Although water is the commonest stuff on earth, experts say that only 2.53 per cent of it is fresh, while the rest is salt- water (sea water).

And of the fresh water, two thirds is locked up in glaciers and permanent snow cover. What is available is one-third of fresh water in lakes, rivers, aquifers (ground water) and rainfall.

Factors reducing fresh water:

Population growth, (ii) pollution and (iii) climate change will combine to produce a drastic decline in water supply in the years ahead.

First, population is now about 7 billion in the world and in the next 25 years there will be 2 billion more people coming onto the earth and virtually all of that will go to developing countries.

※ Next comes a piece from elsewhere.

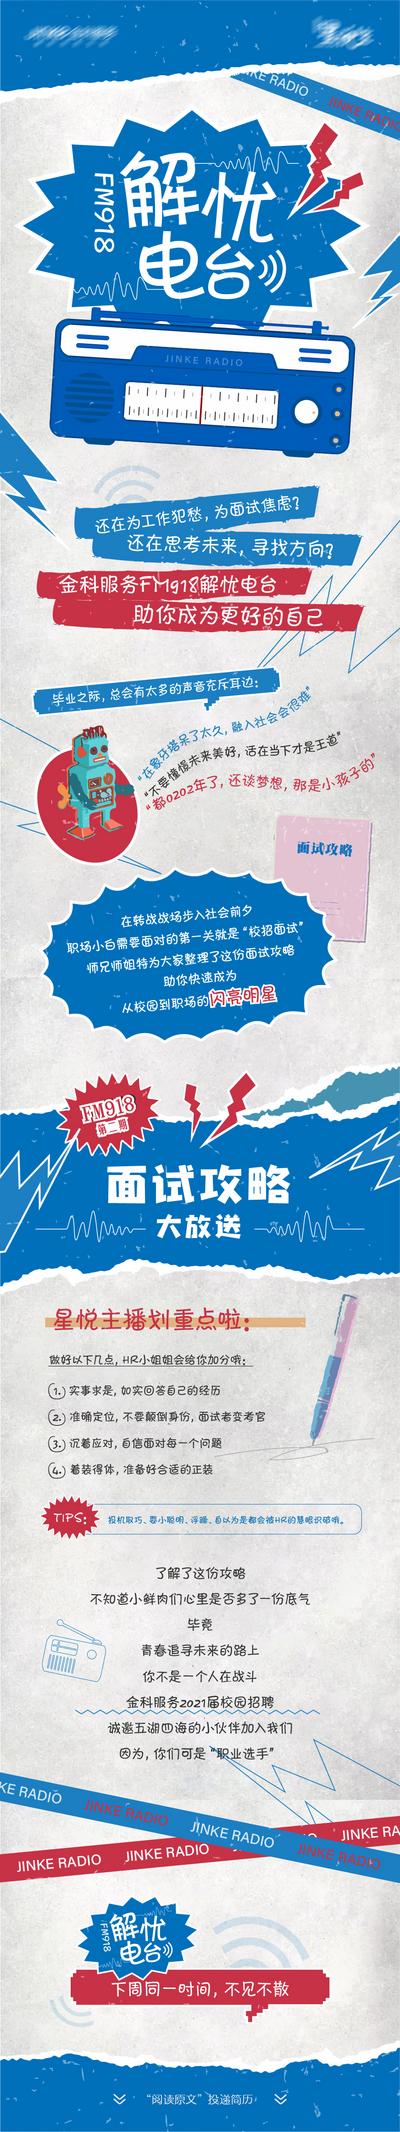 【南门网】海报 长图 面试 招聘 电台 童年 复古风 攻略

It has been reported that between 1970 and 1990, available per capita water supply decreased by one third. Demand comes not just from the need to drink, the need to wash, and the need to deal with human waste, the large demand comes from industry and agriculture in the developing world.

Second, pollution is another pressure point. With one litre of waste- water sufficient to pollute about eight litres of fresh water. Pollution comes from industry, agriculture and human generated wastes. About million tons of wastes are dumped every day into rivers, lakes and streams,

Third, climate change will account for 20% per cent of the decline through erratic rainfall and a rise in the sea level. Climate change is also responsible for saline water creeping inside land and rivers.

Fourth, underground water is diminishing rapidly. It has been reported that across Asia, Africa and Latin America, ground water level are dropping as much as 3 metres a year.

Regional Cooperation:

Regional cooperation on water management on shared river basins is imperative. For example, the Mekong River Commission (MRC) established in 1995 with Cambodia, Vietnam and Laos together with China and Myanmar as dialogue partners in 1996 has the mandate of cooperation in flood control, hydropower, irrigation and fisheries among others to optimise use for benefits of shared-basin countries.

It is suggested that Basin-wise Commissions (one for the Ganges and the other for Brahmaputra basins) be constituted with all countries who share the basin as members, for water- sharing and water resources- management including flood control and irrigation for the benefit of the people of the region.


Since fresh water is distributed unevenly around the world, water issue could be a political “time bomb”. As demand for fresh water increases conflict of interest will arises between upper and lower riparian countries. Some water experts say that water scarcity may lead to even armed conflicts in the next few decades.

Finally, where there is water, there is life, energy, and well-being. Water is a right to every one.. Without it human beings could not live and it is the duty of all governments that water is available to everyone.